* EXERCISE DESCRIPTION *
All of the data should be repeated exactly; pictures are not part of the copy.

* MATERIAL PROVIDED *
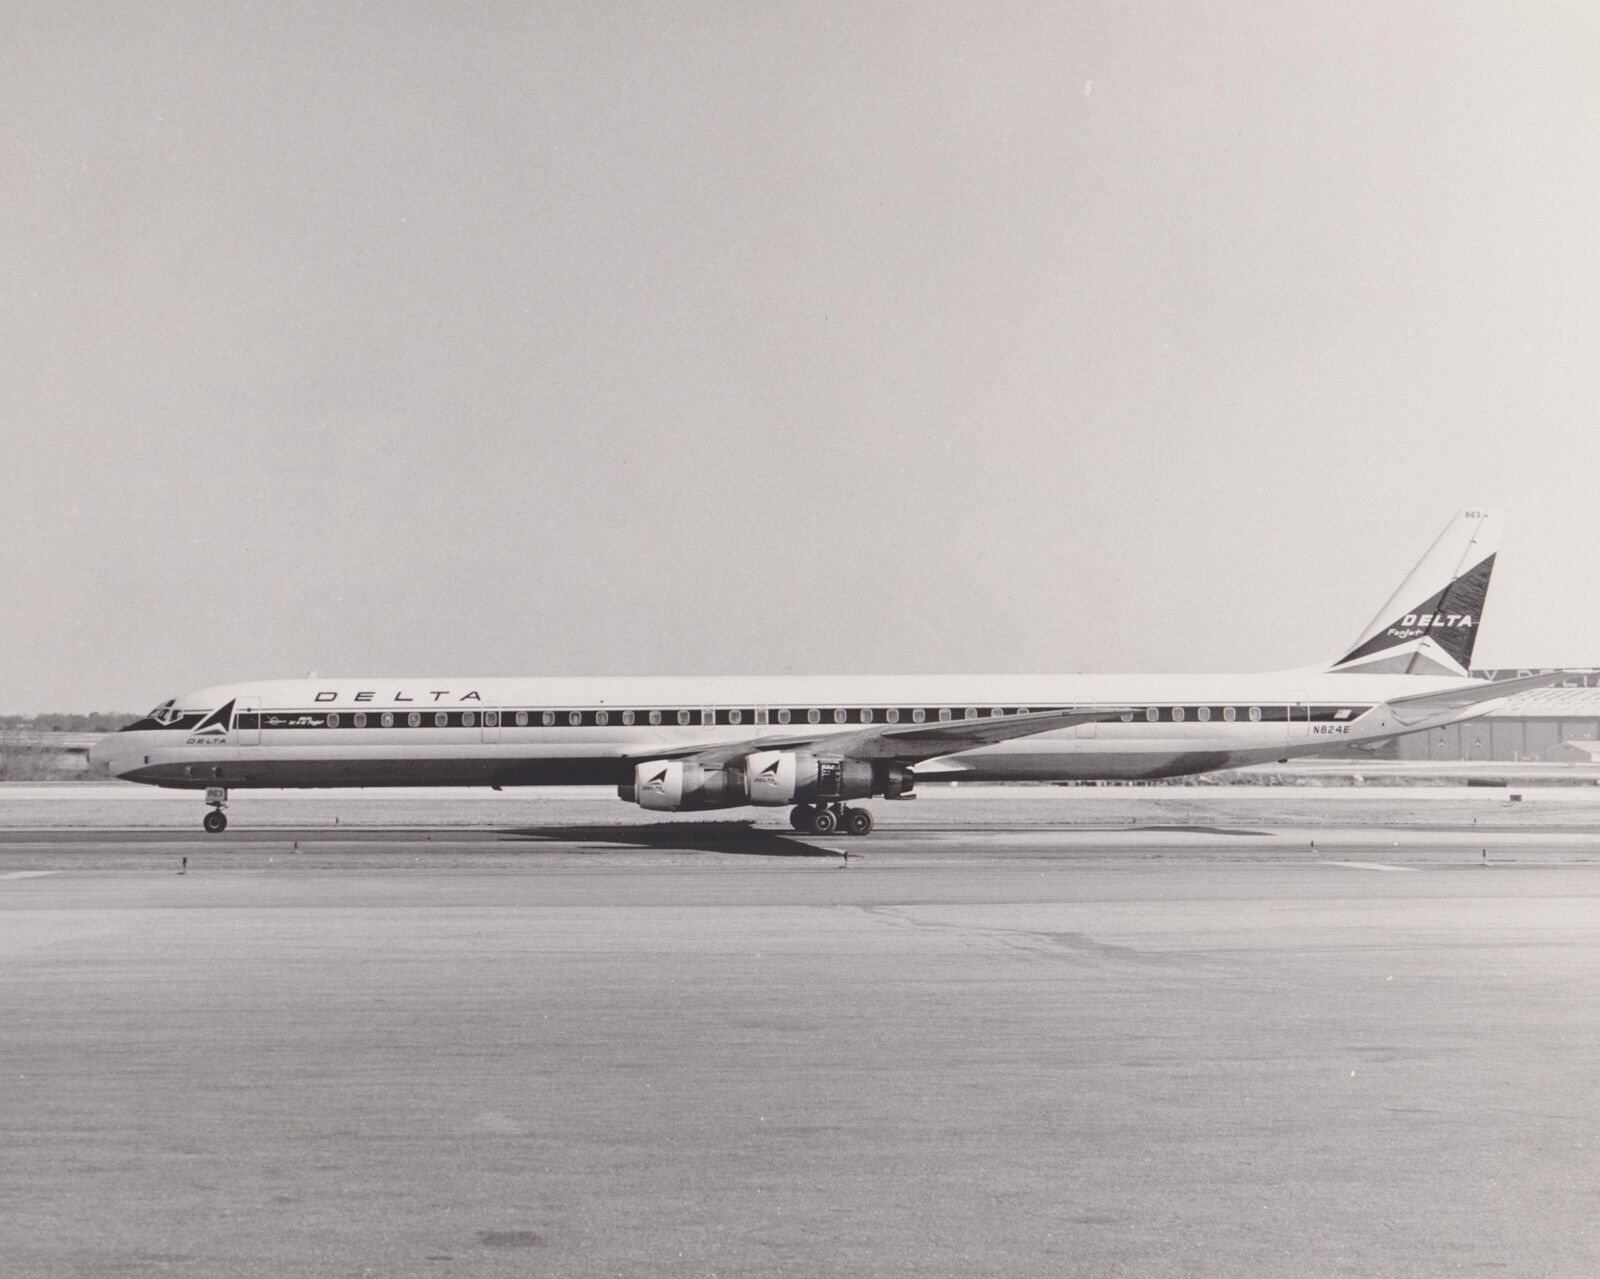 DELTA AIR LINES - SUPER DC 8 71 (STRETCH) TAXING  LH - BLACK & WHITE 8 X 10  
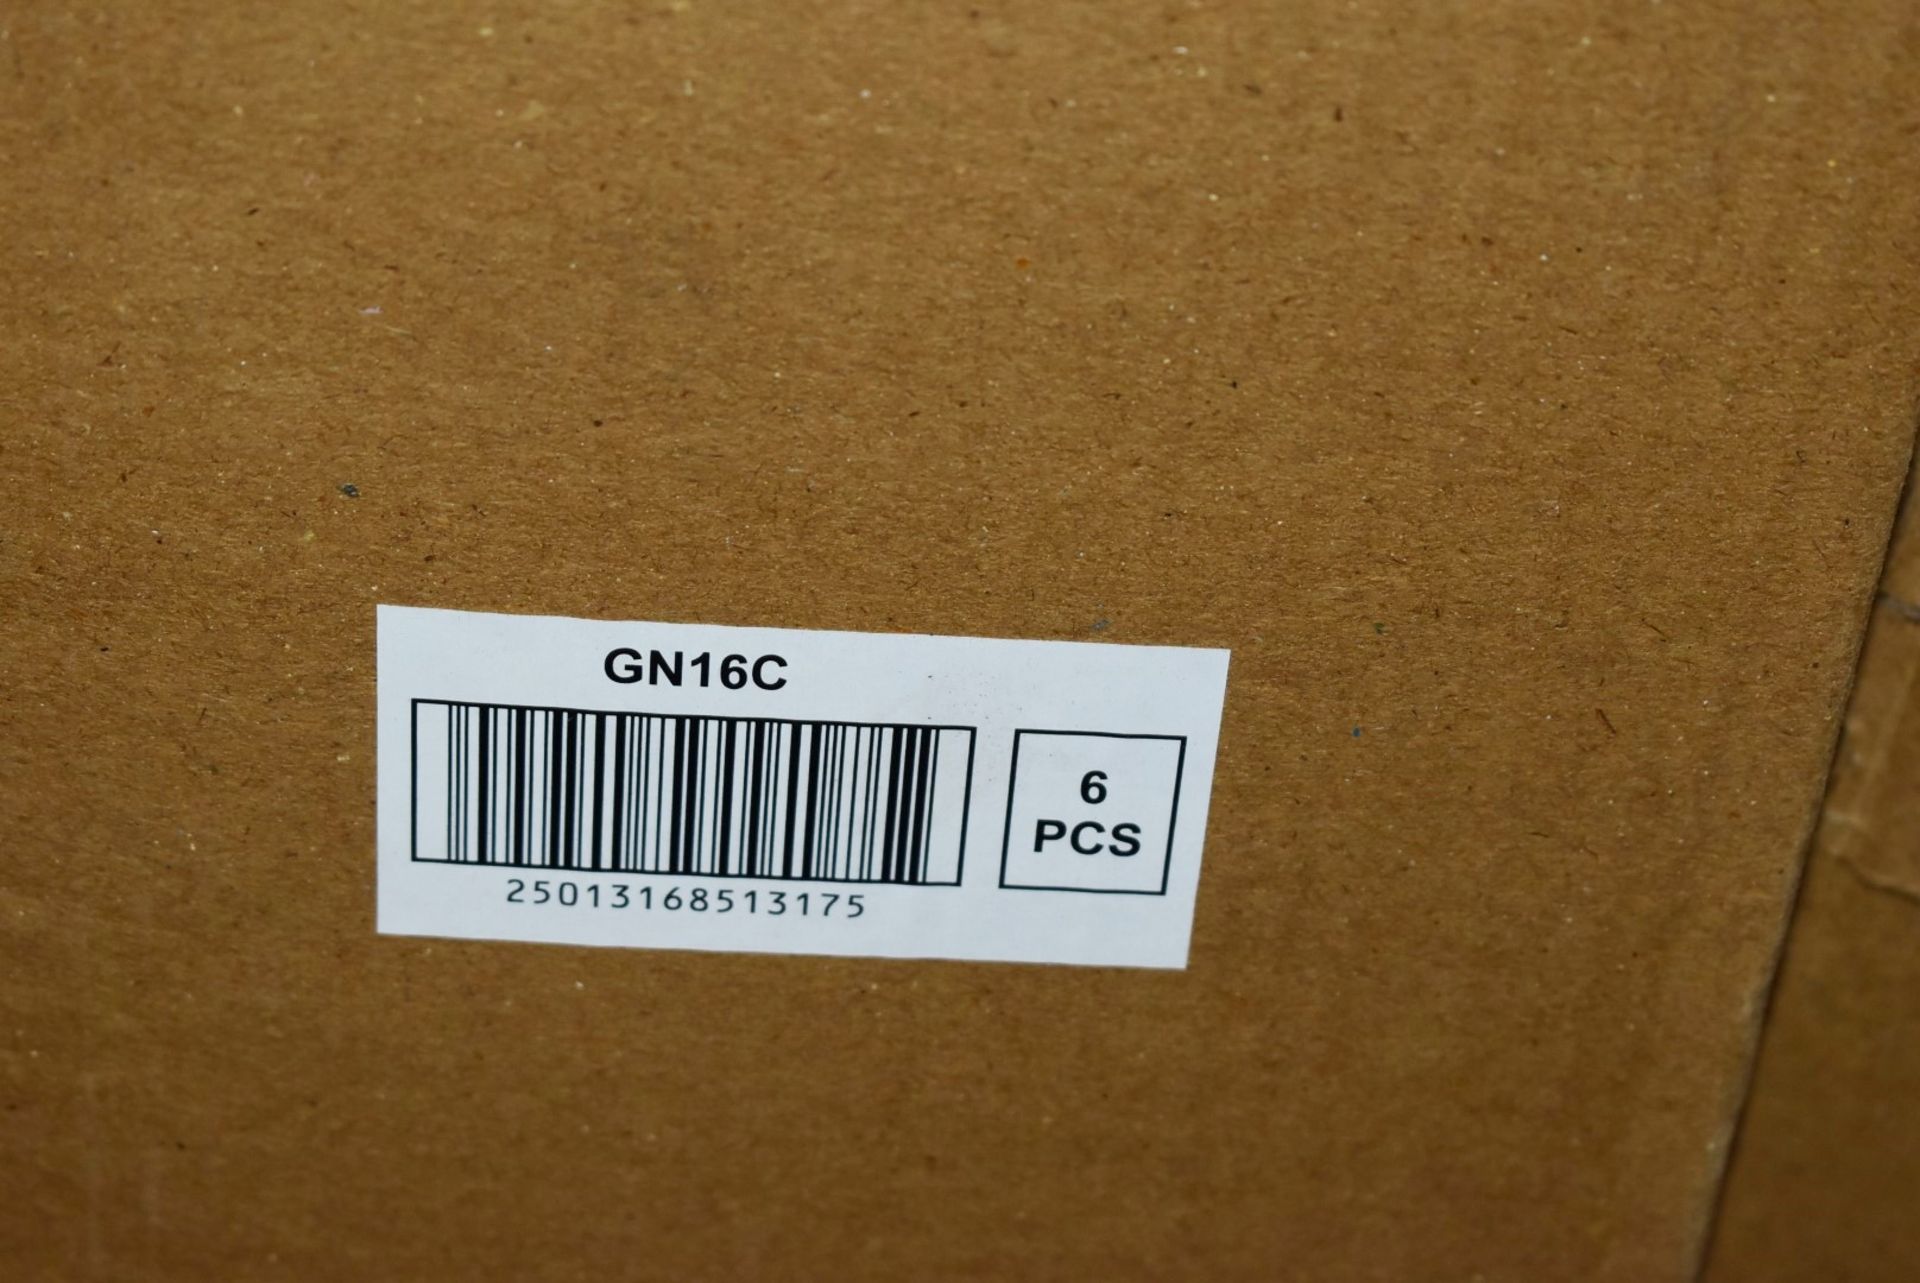 43 x Stainless Steel Gastro Pans - New in Boxes - 1/6 GN PAN, 150mm, 0.7mm - CL011 - Ref: GCA - Image 2 of 8
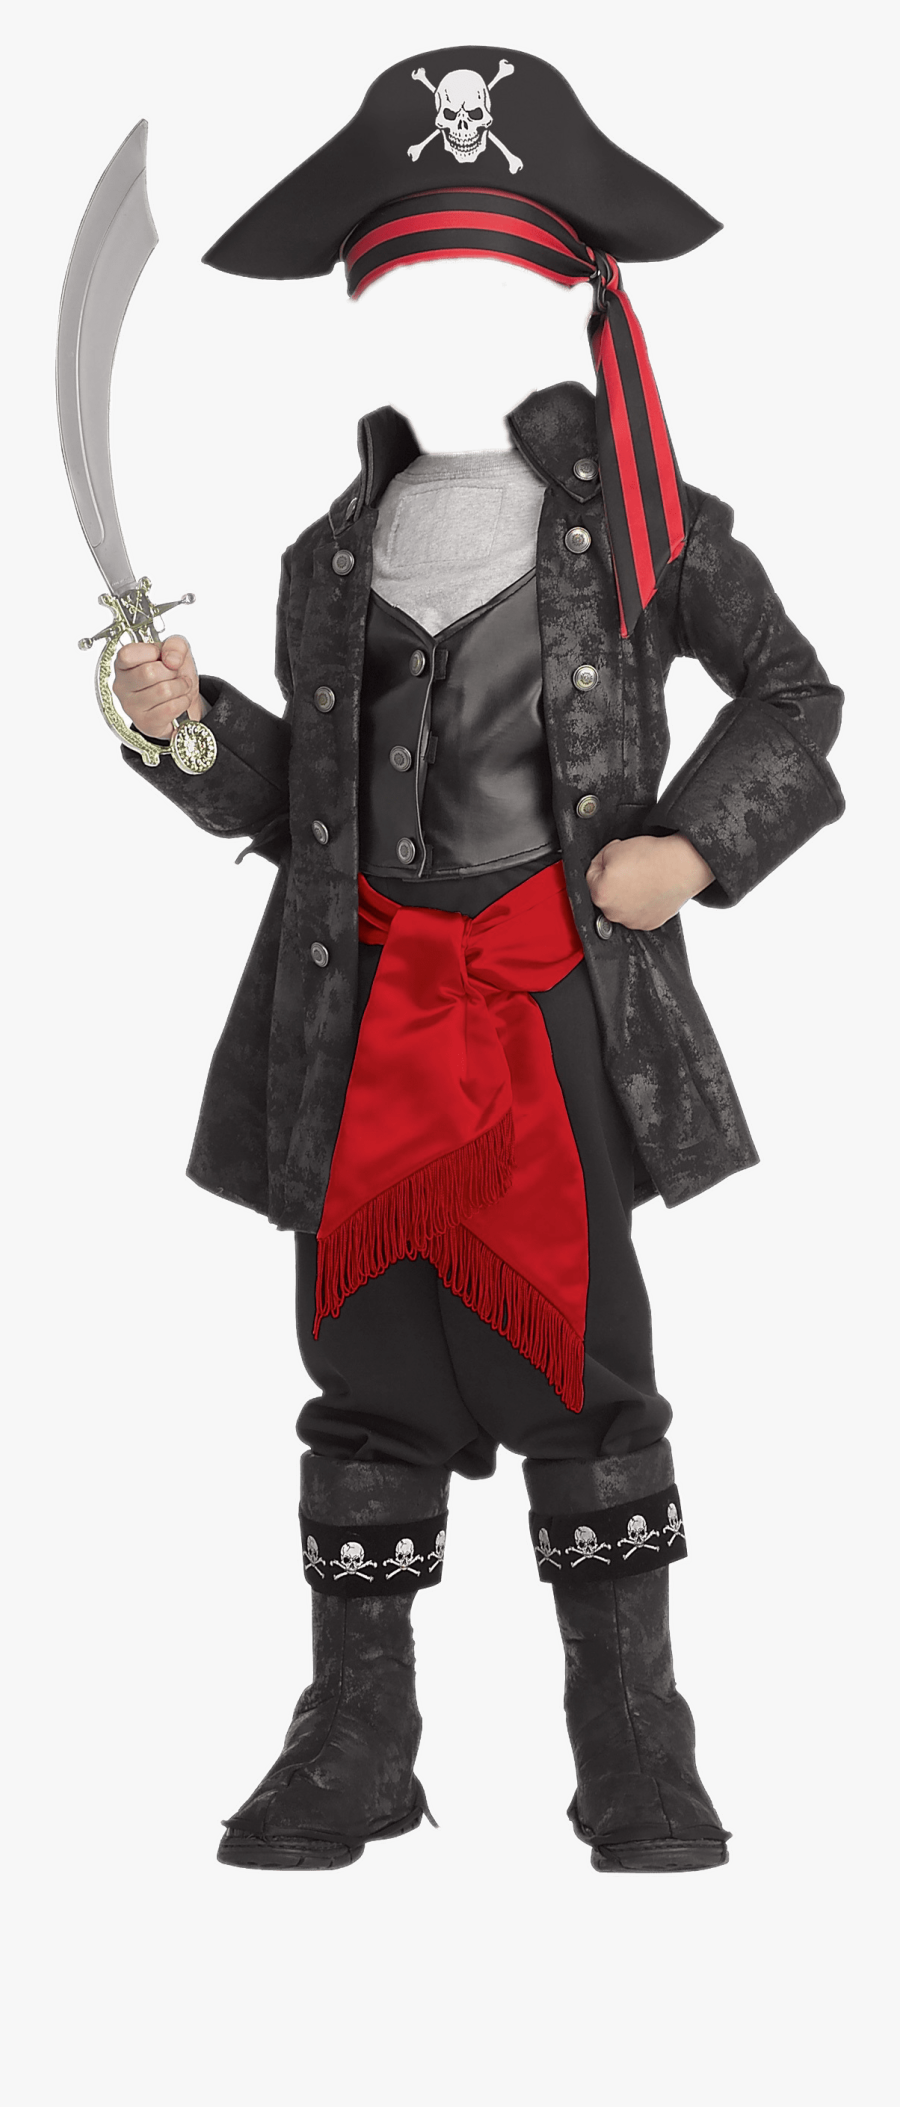 Costume Pirate - قرصان Png, Transparent Clipart

* EXPECTED ANSWER *
 DELTA AIR LINES - SUPER DC 8 71 (STRETCH) TAXING  LH - BLACK & WHITE 8 X 10  
 43 x Stainless Steel Gastro Pans - New in Boxes - 1/6 GN PAN, 150mm, 0.7mm - CL011 - Ref: GCA - Image 2 of 8
 Costume Pirate - قرصان Png, Transparent Clipart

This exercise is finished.